WHAT TO PRODUCE: Restate, in full and unchanged, the entries that follow, but not their pictures.
+++ RECORDS
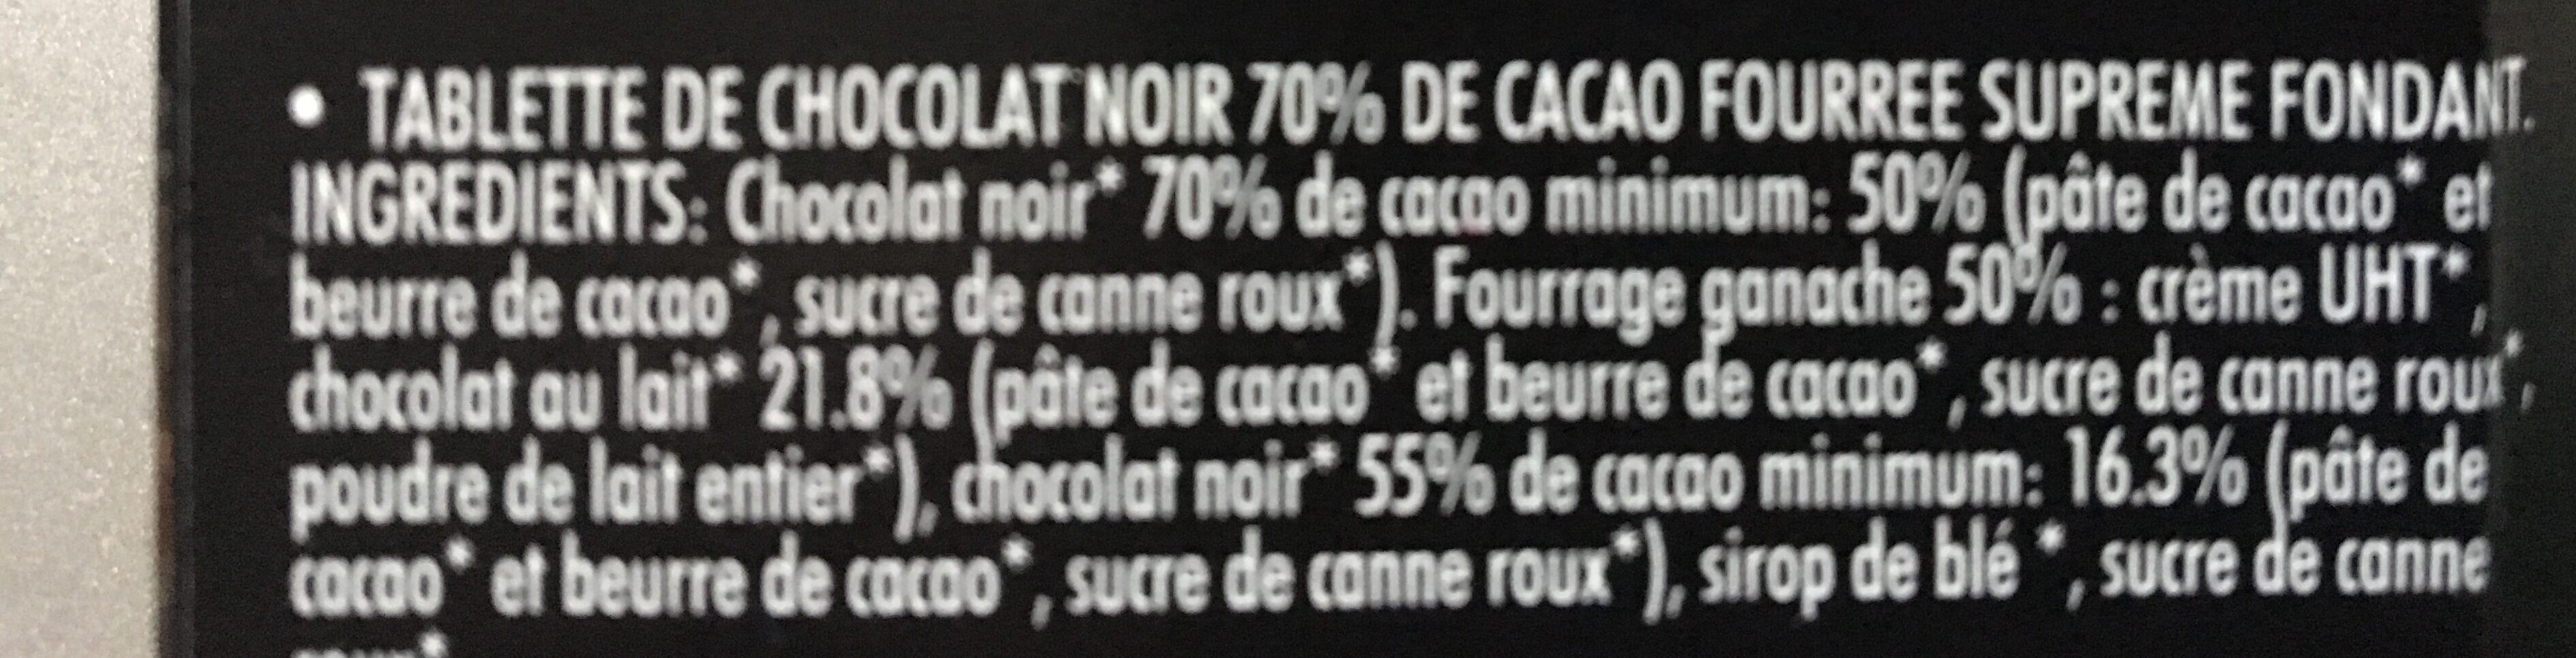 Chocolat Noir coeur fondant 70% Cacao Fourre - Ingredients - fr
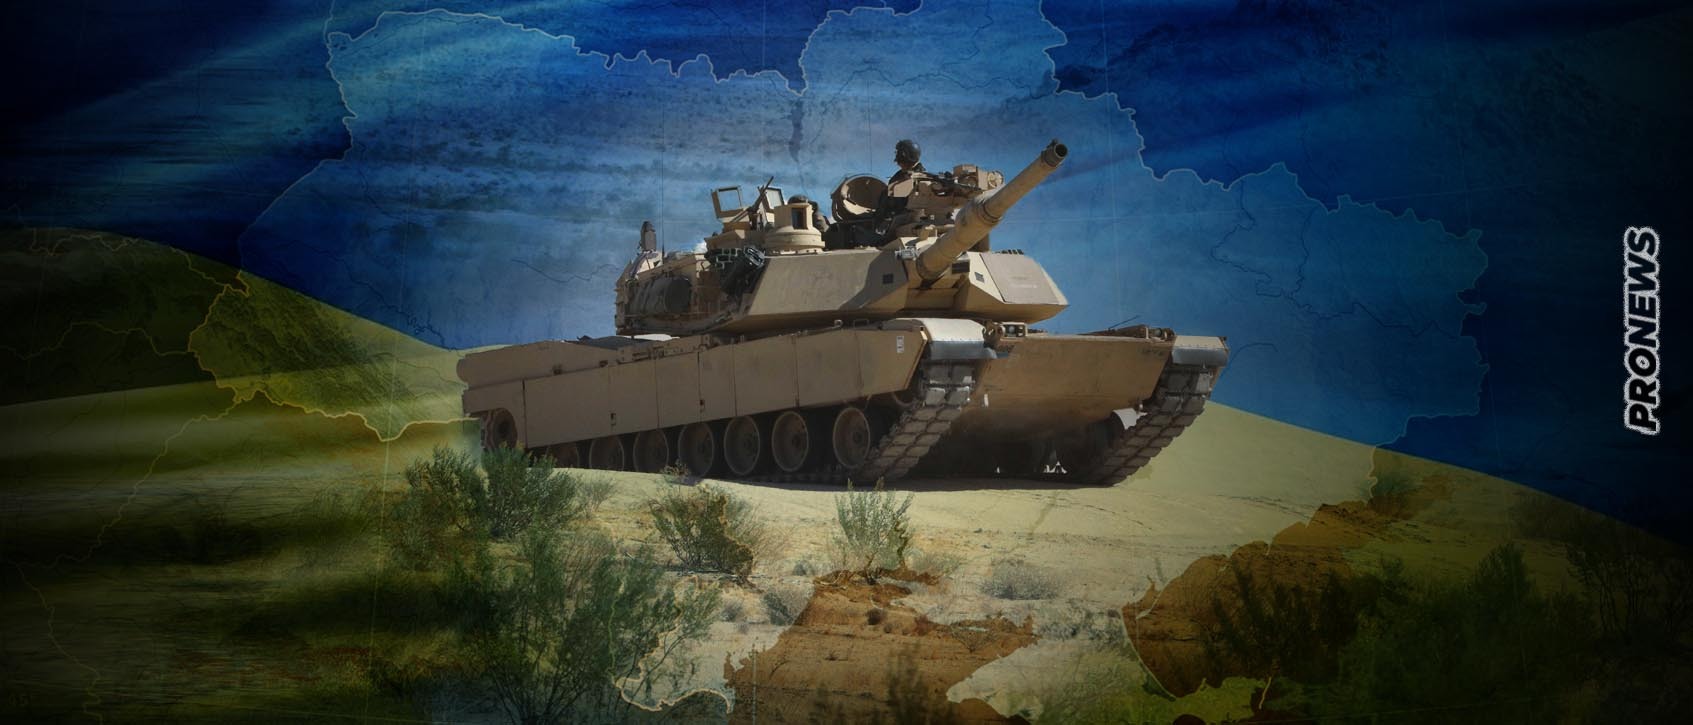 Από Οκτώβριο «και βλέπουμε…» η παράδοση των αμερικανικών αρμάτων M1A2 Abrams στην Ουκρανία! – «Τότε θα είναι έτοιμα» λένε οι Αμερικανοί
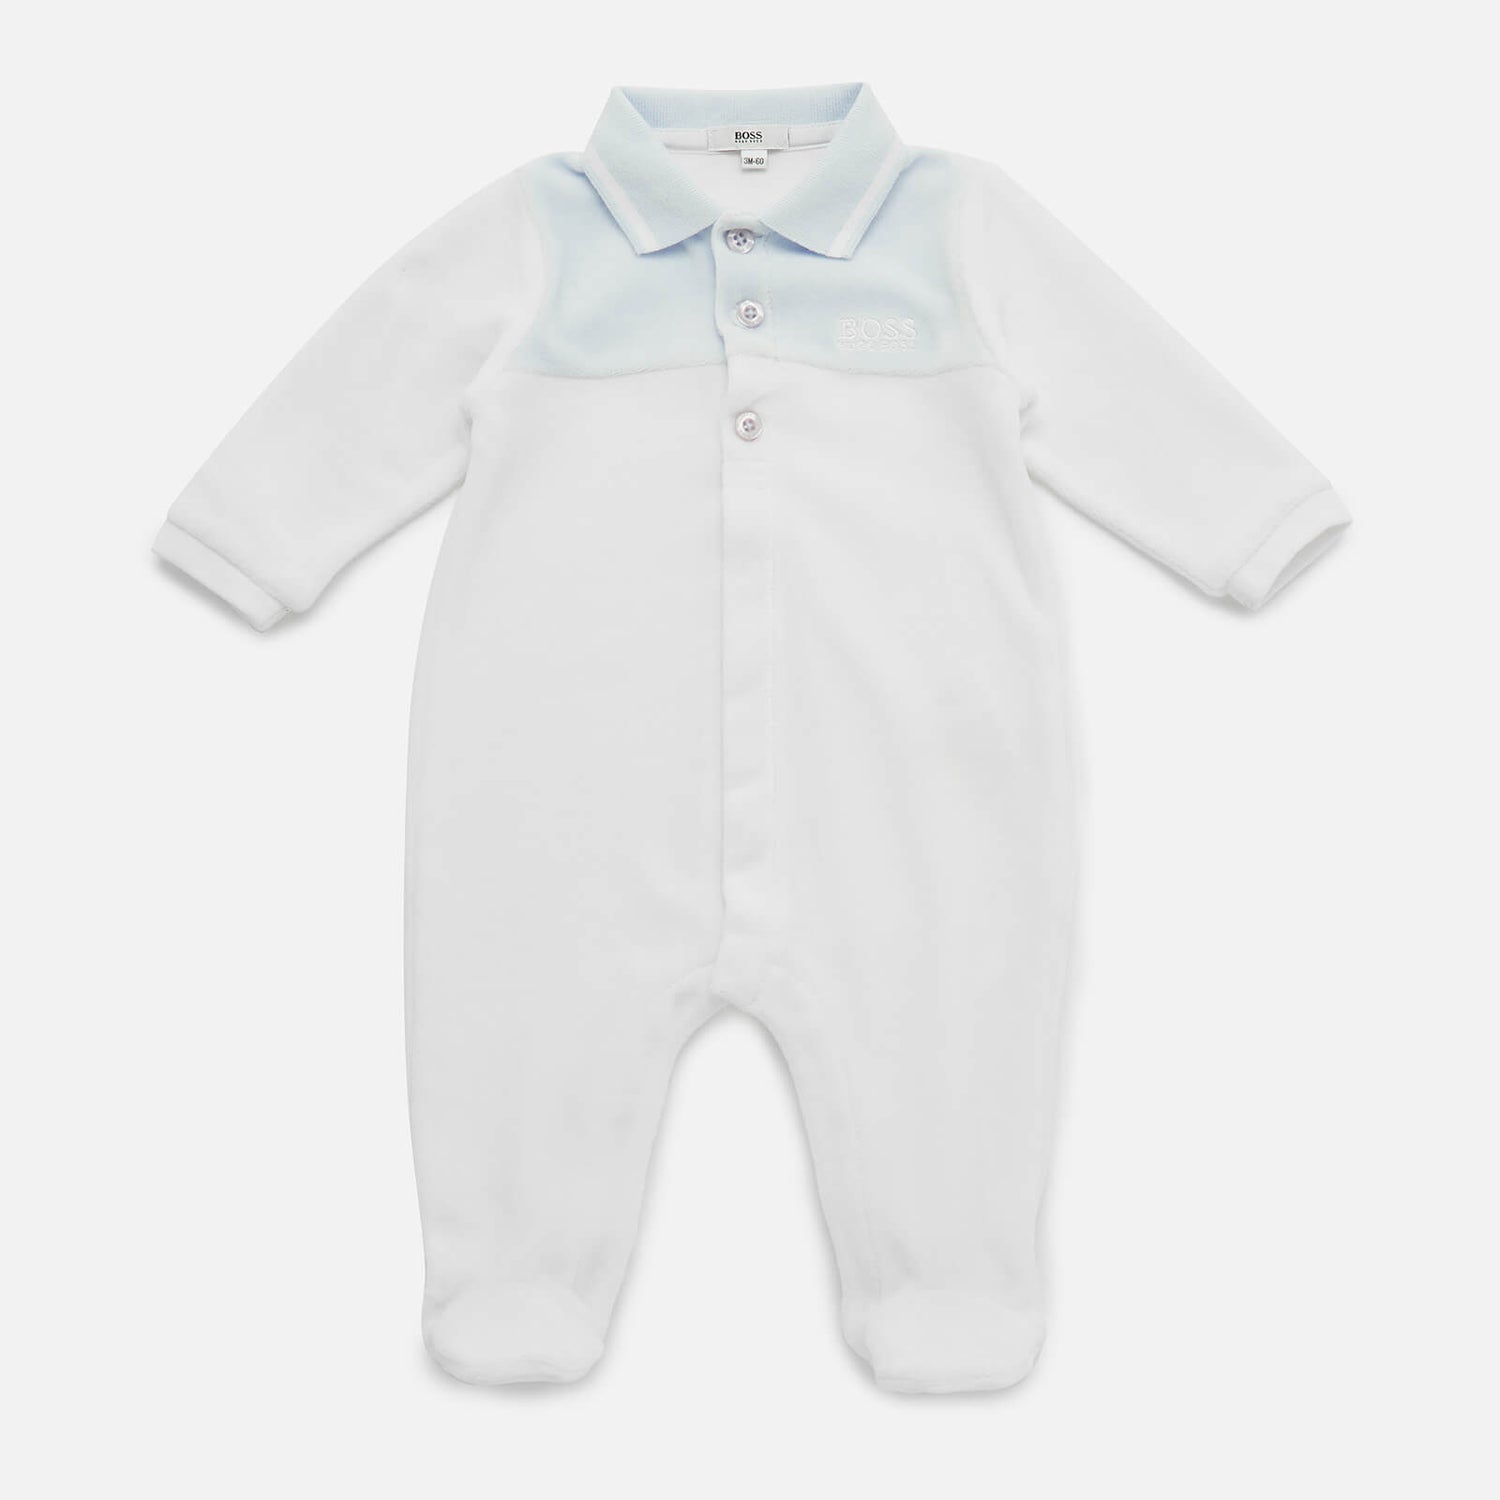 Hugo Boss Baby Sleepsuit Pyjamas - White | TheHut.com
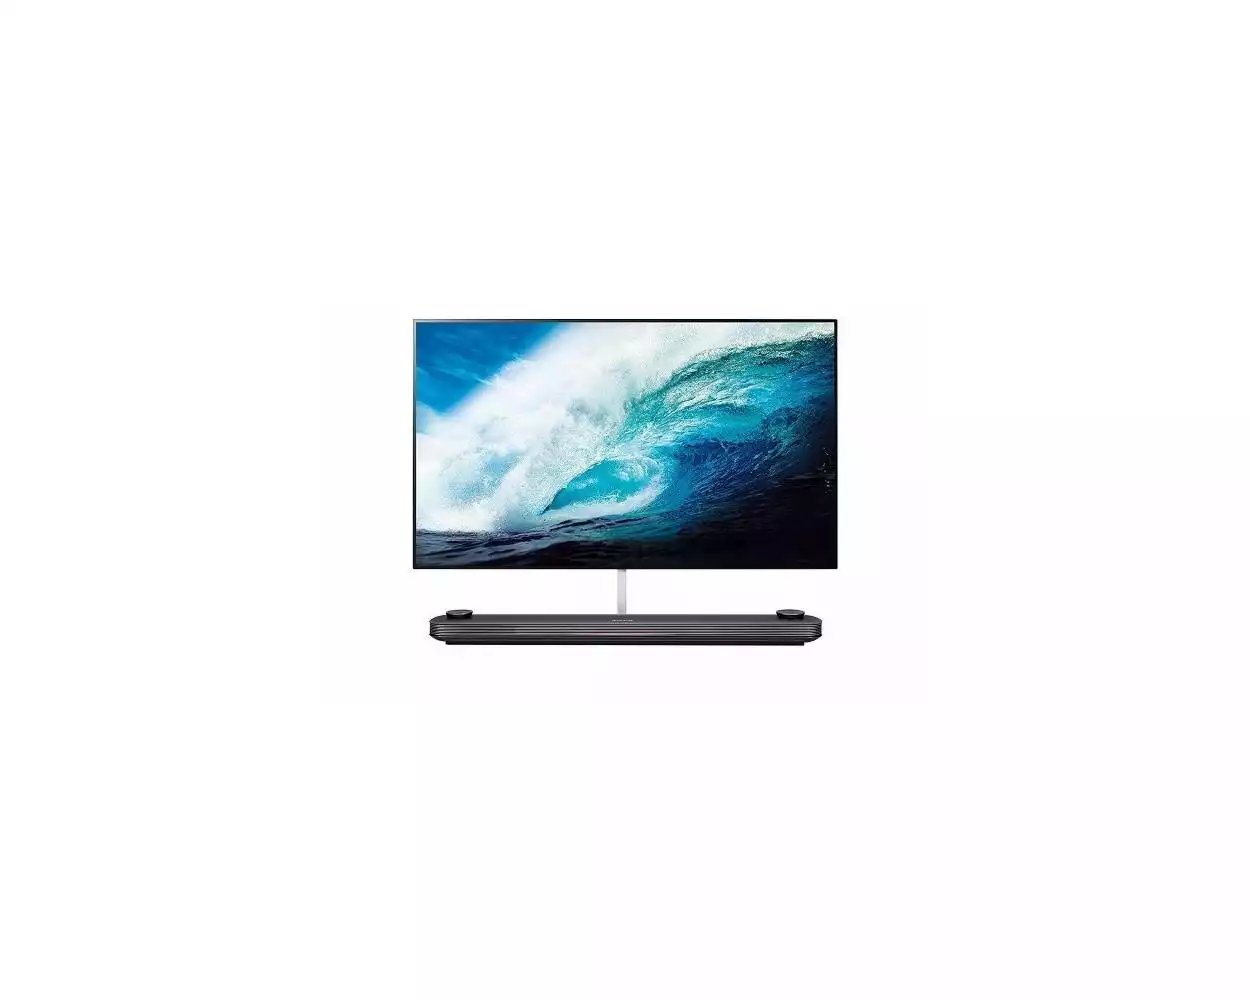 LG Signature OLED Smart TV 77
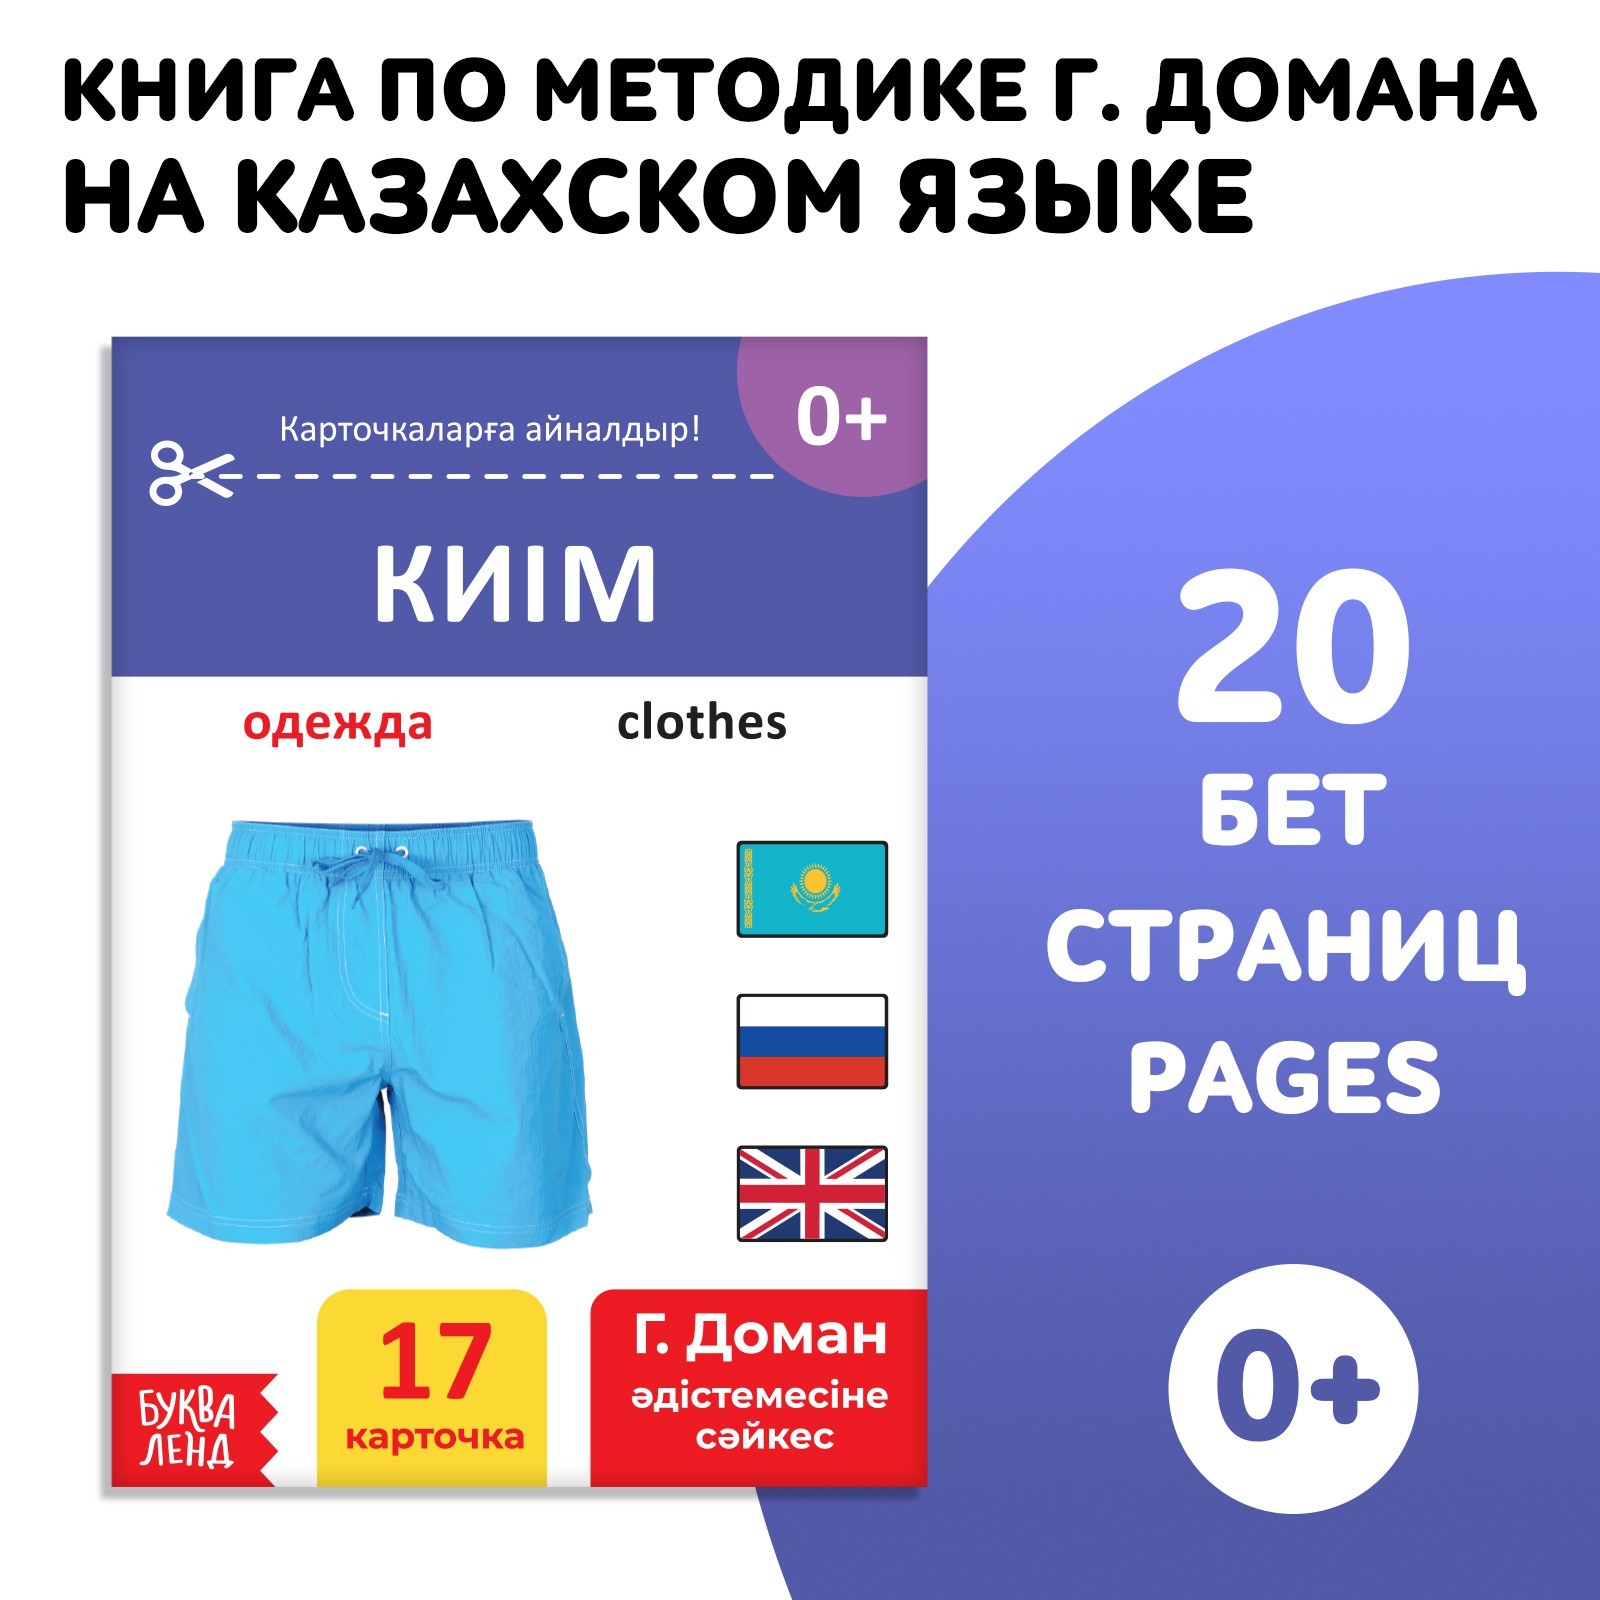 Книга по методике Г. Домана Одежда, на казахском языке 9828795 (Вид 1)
++++++
WORKED SOLUTION:
 Chocolat Noir coeur fondant 70% Cacao Fourre - Ingredients - fr
 Από Οκτώβριο «και βλέπουμε…» η παράδοση των αμερικανικών αρμάτων M1A2 Abrams στην Ουκρανία! – «Τότε θα είναι έτοιμα» λένε οι Αμερικανοί
 Hugo Boss Baby Sleepsuit Pyjamas - White | TheHut.com
 LG Signature OLED Smart TV 77
 Книга по методике Г. Домана Одежда, на казахском языке 9828795 (Вид 1)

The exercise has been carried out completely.